The bad news is, I wasn't able to take any more candid pix of the birdies. The good news is, it's because they developed so quickly that this morning (i.e., three days after I took that picture) they were out of the nest and pumping their wings! It's absolutely miraculous that they could go from near-naked to almost fledged. However, there's more bad news: the littlest one didn't make it. Or won't, I think, by tomorrow morning.
All of today, we've been keeping a close watch (but at a distance; since the day I took pictures, we've not gone close to the nest). In the morning, we both noticed a hilarious sight: the nest would appear to be empty (from our vantage point, on the ground, through binoculars) until one of the parents approached. Whereupon -- POP! -- like tiny jacks-in boxes, three little heads shot straight up, peeping and calling!

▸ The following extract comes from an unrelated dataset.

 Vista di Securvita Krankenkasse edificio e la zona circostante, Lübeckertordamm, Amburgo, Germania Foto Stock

Barely two hours later, when we looked again, two of the birdies were out of the nest and sitting on a nearby branch looking around themselves with interest, and preening their minature wings. An hour later, they had flapped and hopped their way further from the nest. The parents, meanwhile, were busy flying back and forth, feeding them as well as the one left behind in the nest. Already, it was beginning to look grim for the third one, now dubbed Scrawny.

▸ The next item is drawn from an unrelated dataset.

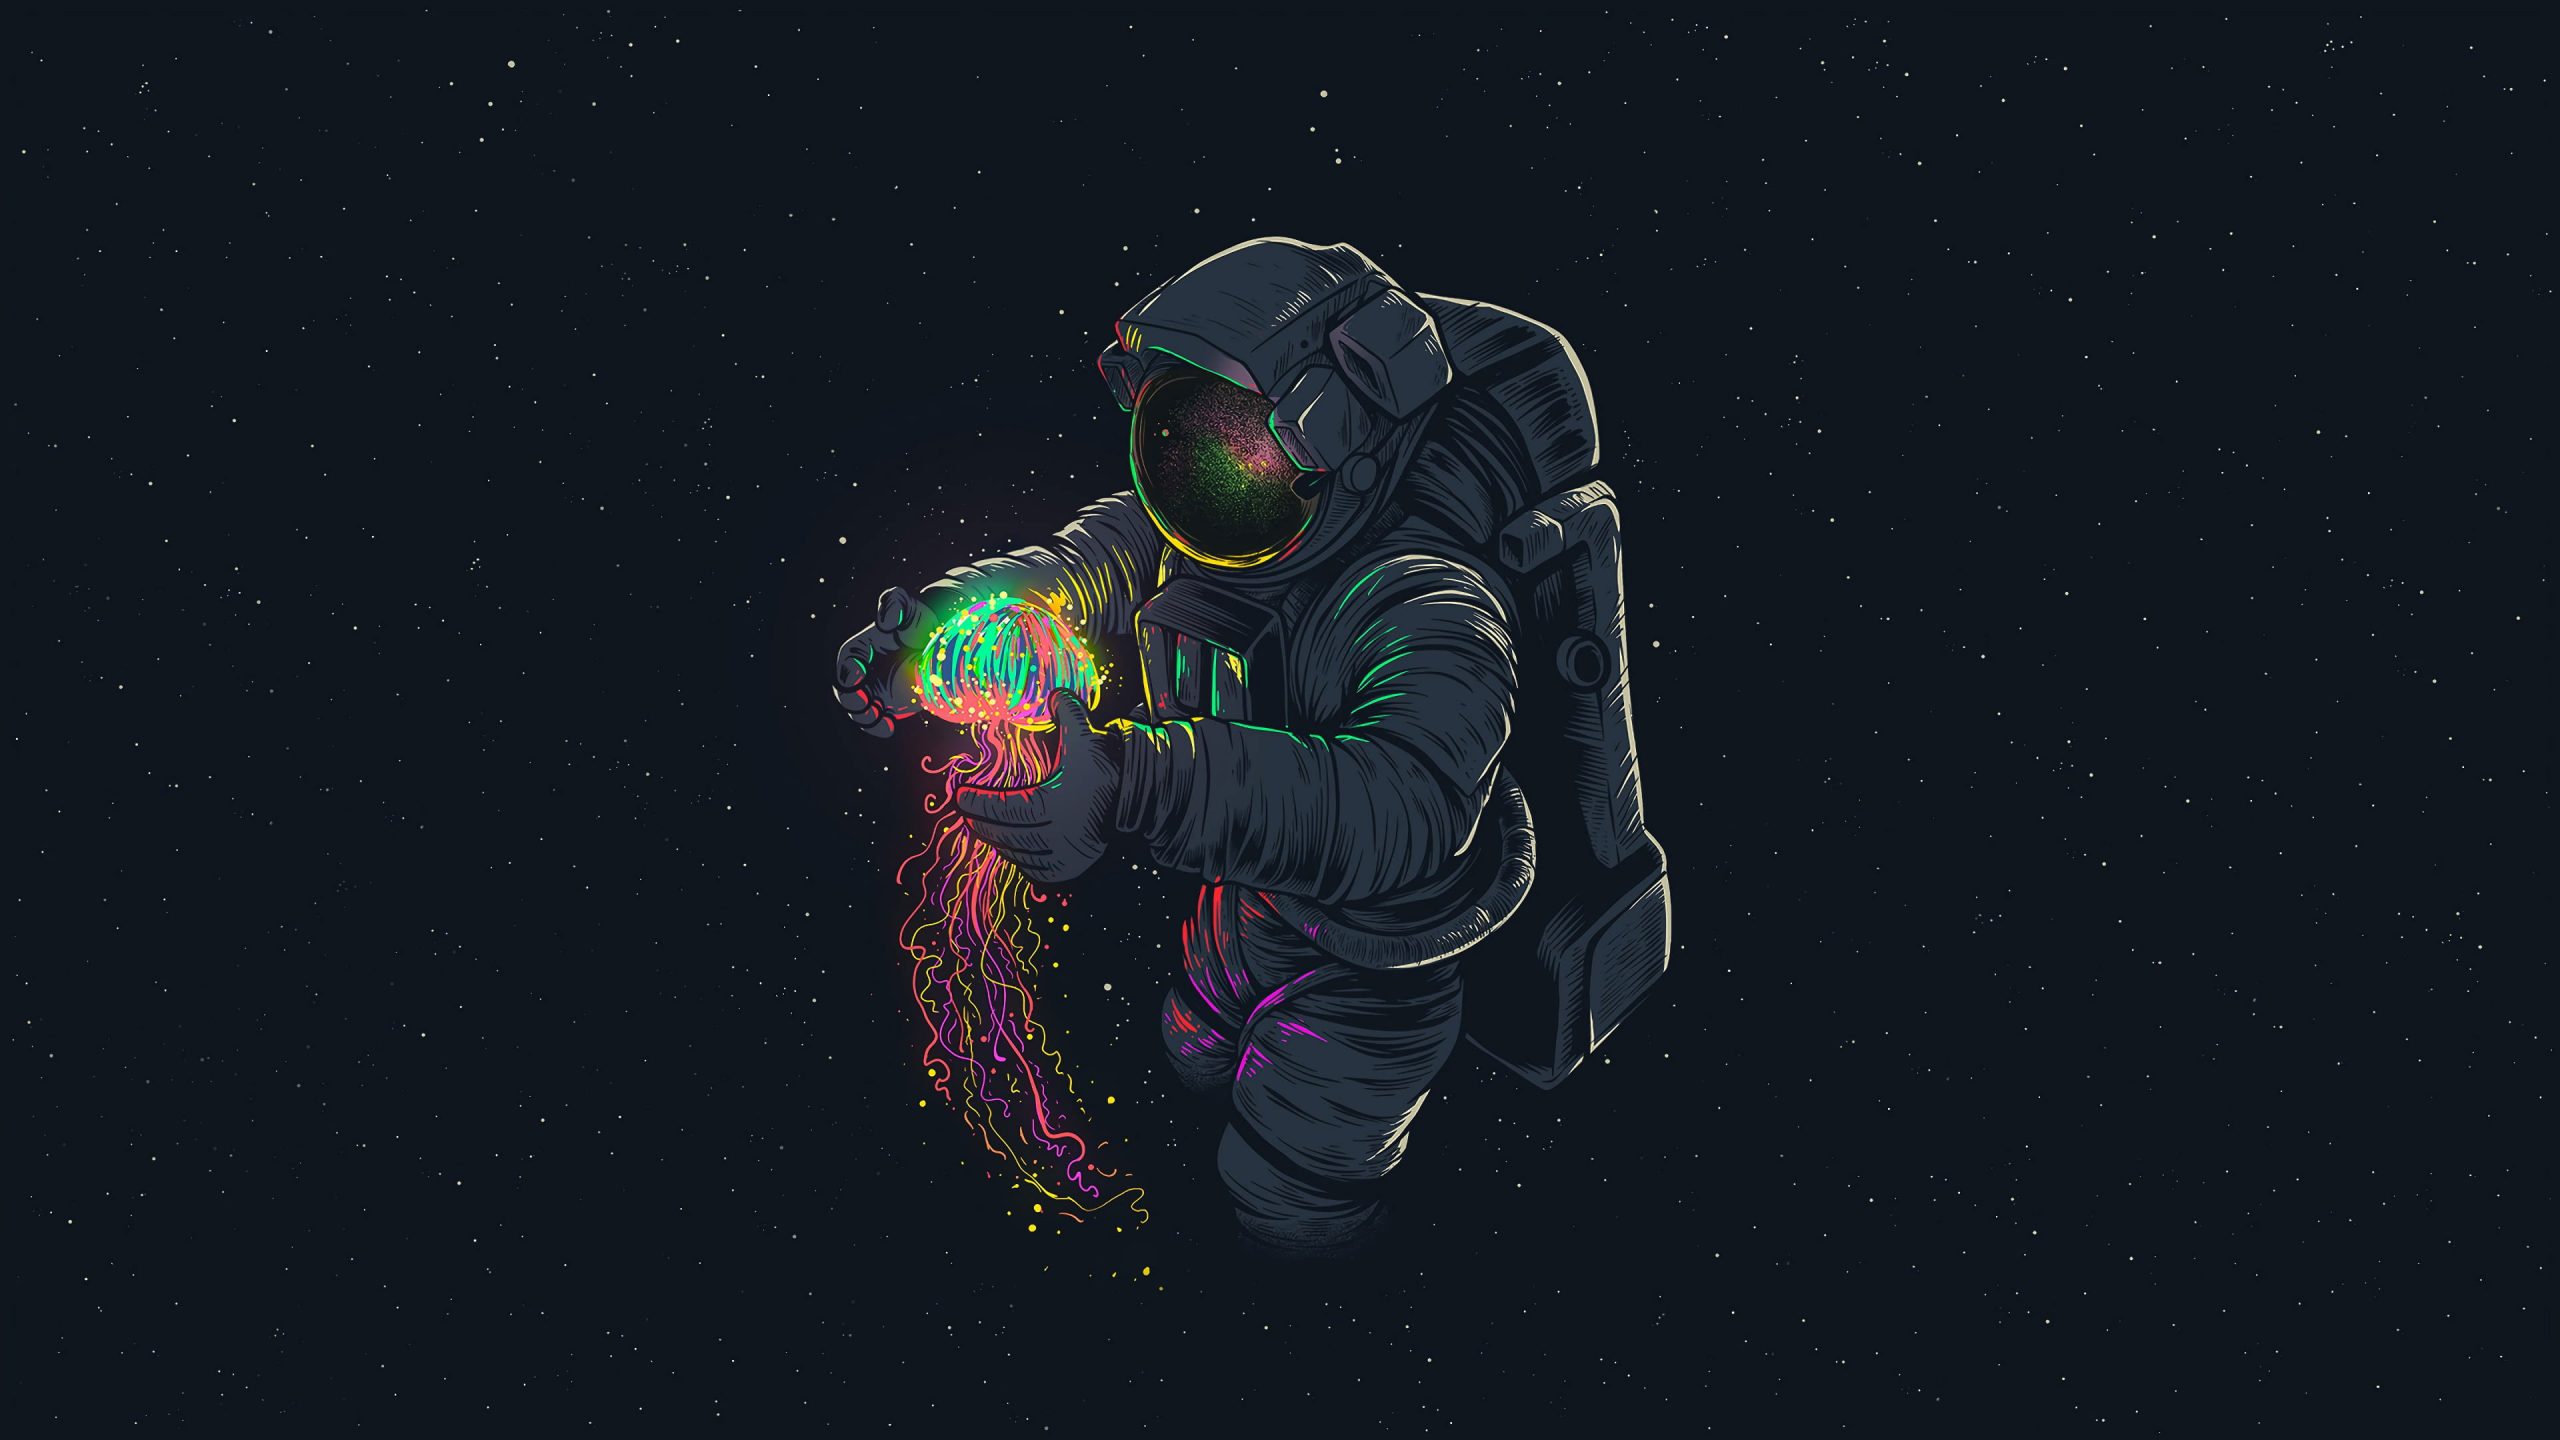 Astronaut, space, black background, artwork

The parents continued feeding Scrawny all morning, which looked hopeful. Around three o'clock, he (or she) actually hopped out of the nest for a breather. But it was very clear that he was woefully underdeveloped compared to the other two: completely naked head, no wing feathers to speak of. At four, I saw that he was back inside the nest, and looking out in a wistful way. As if recognizing that this wider world was not for him. A brisk breeze had caught the young bamboo in its grip and kept shaking it, so that the little nest was rocking like a ship in high seas. Nevertheless, I decided I had to take my chances with a picture of Scrawny while he was still alive.
I couldn't get close, the light was fading and the tree was in motion. I had my camera zoomed out to maximum and the result is rather blurred, but I captured this tiny little bird, looking out over the rim of his only home on earth, perhaps for the last time, in a manner that I found deeply poignant. I will try to post the picture here, but I had such a struggle the other day, I'm not confident of getting it done tonight. A small bony head and jutting beak, quite repulsive in its way, but in the upward tilt of its head, in the comfort it sought in its home, I see all that is ever-hopeful and perhaps naive about the life-force.
I know it's very silly of me, but I'm crying as I write this. Of course I know that little birds have to die now and then, and that this one was quite lucky after all that it will (probably) die in its own cosy home tonight. Knowing that doesn't make it less sad. Well, well, well. I better stop this ridiculous sentimentality and see if I can post that picture.